Последними в салон, переговариваясь, вошли главный инженер со старшим. И автобус, хлопнув дверями, тронулся. По салону, буквально через полминуты, потянуло сигаретным дымком.

– Кто там курит? – повернувшись назад, громко спросил старший, – Кто-то хочет поездком – за свой счет ехать в Советский? Завьялов?

– А чо – Завьялов? – донеслось сзади, – Кроме меня здесь – чо – никого нет? – бородатый театрально оглянулся по сторонам, вытянув шею, – Семеныч, – возмутился он наигранно, с ехидной улыбкой, – На этот раз, точняк, не я.

– А кто тогда? – переспросил старший, явно не ожидая ответа.

– А мне почем знать? – снова, ехидно улыбнувшись, возмутился бородатый.

Автобус как раз подкатил к самолету.

– Всегда здесь так? – спросил Женя, когда они с Романом вышли из автобуса.

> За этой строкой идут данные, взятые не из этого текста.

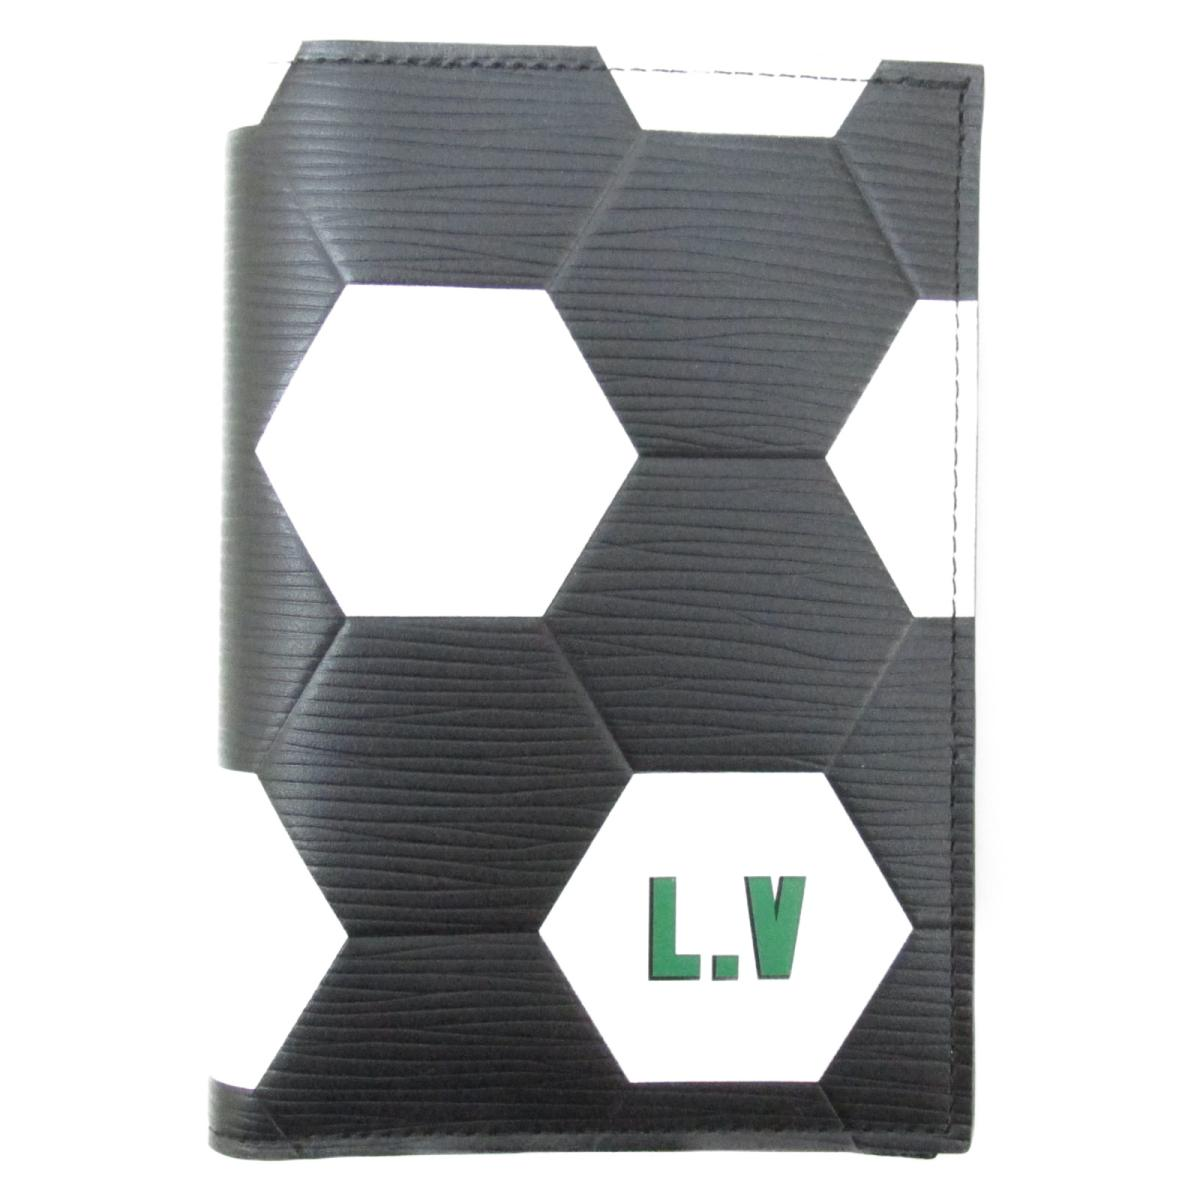 ルイヴィトン クーヴェルテュール・パスポール パスポートケース メンズ レディース エピ ノワール (M63374)   LOUIS VUITTON ヴィトン ビトン ルイ・ヴィトン パスケース クーヴェルテュール・パスポール 新品 ブランドオフ

– Это Копытов перед главным выпендривается. А так бы сидел, как слива в ж… – сказал, наклонившись к уху Жени, Роман, – У Завьялова крыша в тресте. Там у него, образно говоря, то ли брат, то ли сват… Короче, выступление Копытова – это так – вода. И все об этом знают. Но все пытаются играть по правилам.

– Даже так?

– А ты как думал? Здесь ты ни одного человека с улицы не найдешь. Все по чьей-то протекции. Только у каждого она разная… Иди вперед, – пропустил он Женю к трапу.

– Ну, да. Понятно.

И опять, взревев моторами, неутомимая «аннушка» взмыла вверх. Поднялась над рваным покрывалом темневших внизу облаков, через дыры которого уже начинали светиться в начинавшейся ночи большие и малые населенные пункты. Через некоторое время в самолете остался только дежурный свет. И Женя, взявшись поначалу за «Гения», помучился немного, всматриваясь в текст, и, приподнявшись, положил книгу на полку.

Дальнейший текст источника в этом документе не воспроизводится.